Your task is to copy the listing exactly. Drop any pictures from the copy.

DATA SECTION:
= = = =

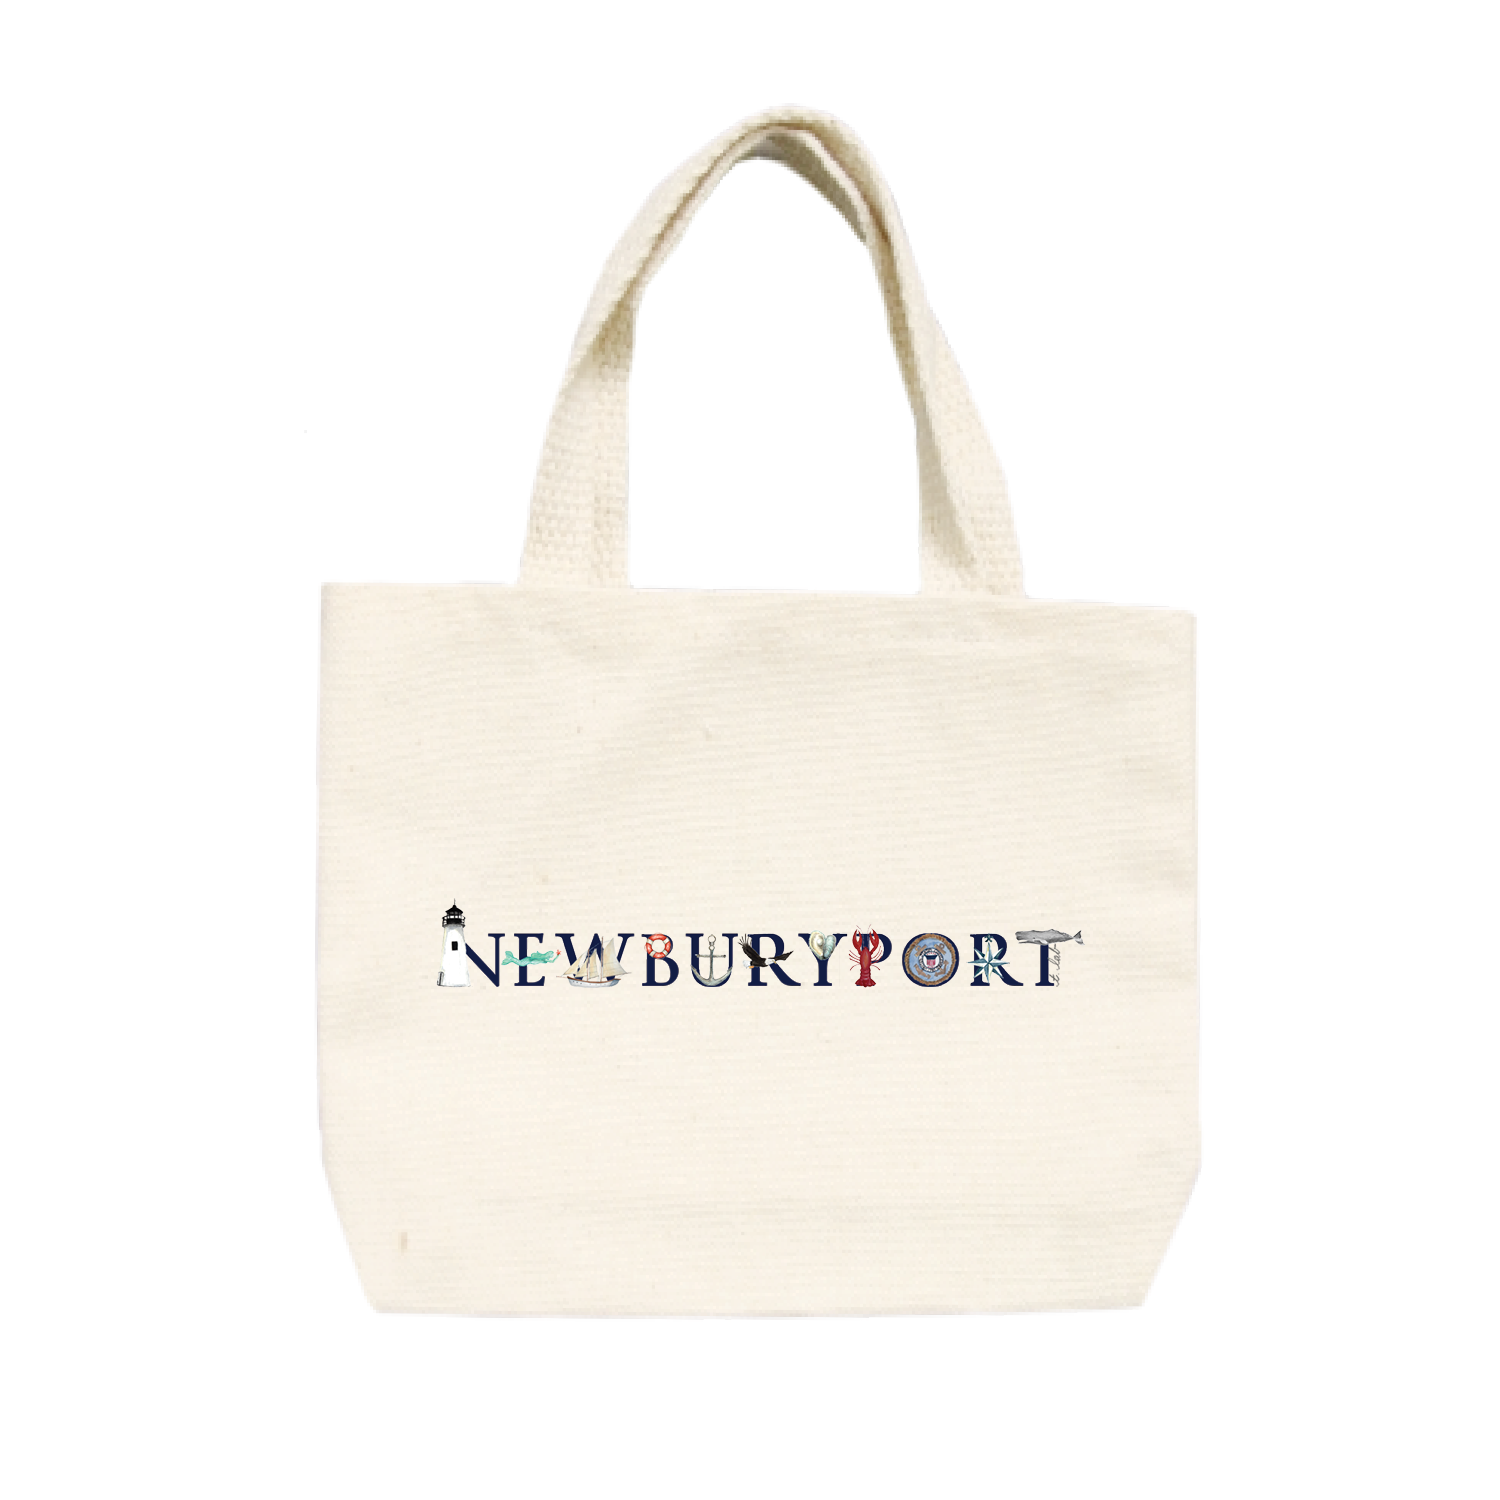 newburyport small tote
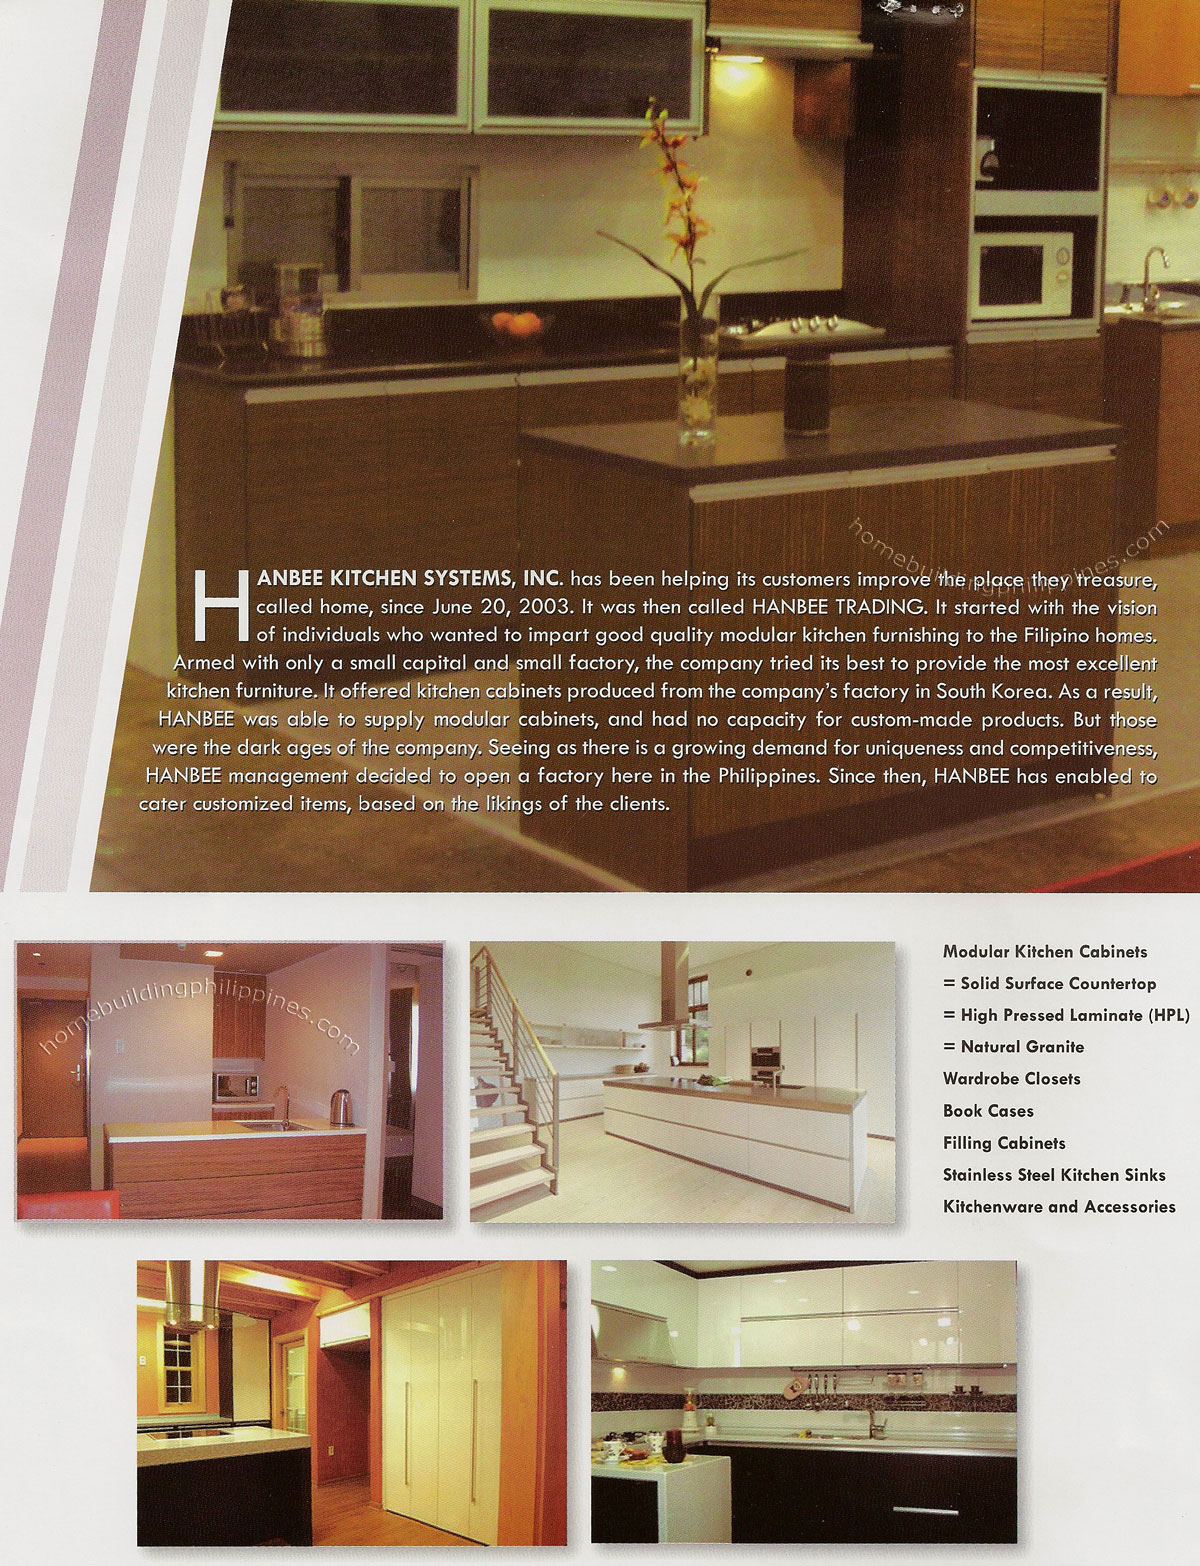 Modular Kitchen Cabinets, Solid Surface, Countertop, High Pressed Laminate, Natural Granite
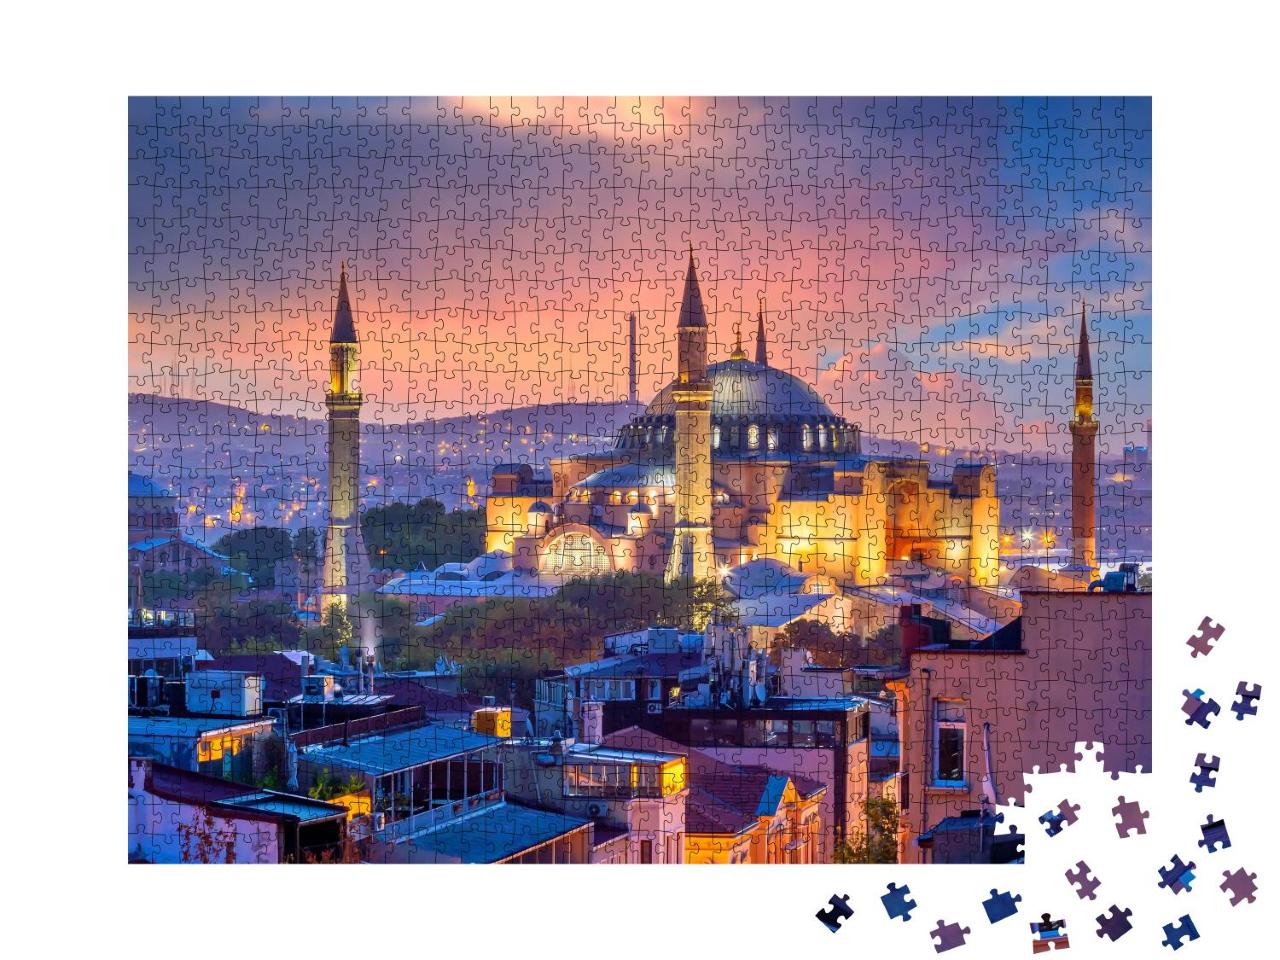 Puzzle 1000 Teile „Verzauberter Sonnenuntergang: Schöner Blick auf die Hagia Sophia in Istanbul, Türkei“

= = = =

RESULT FOR THIS EXERCISE:
 newburyport small tote
 Modular Kitchen Cabinets, Solid Surface, Countertop, High Pressed Laminate, Natural Granite
 Puzzle 1000 Teile „Verzauberter Sonnenuntergang: Schöner Blick auf die Hagia Sophia in Istanbul, Türkei“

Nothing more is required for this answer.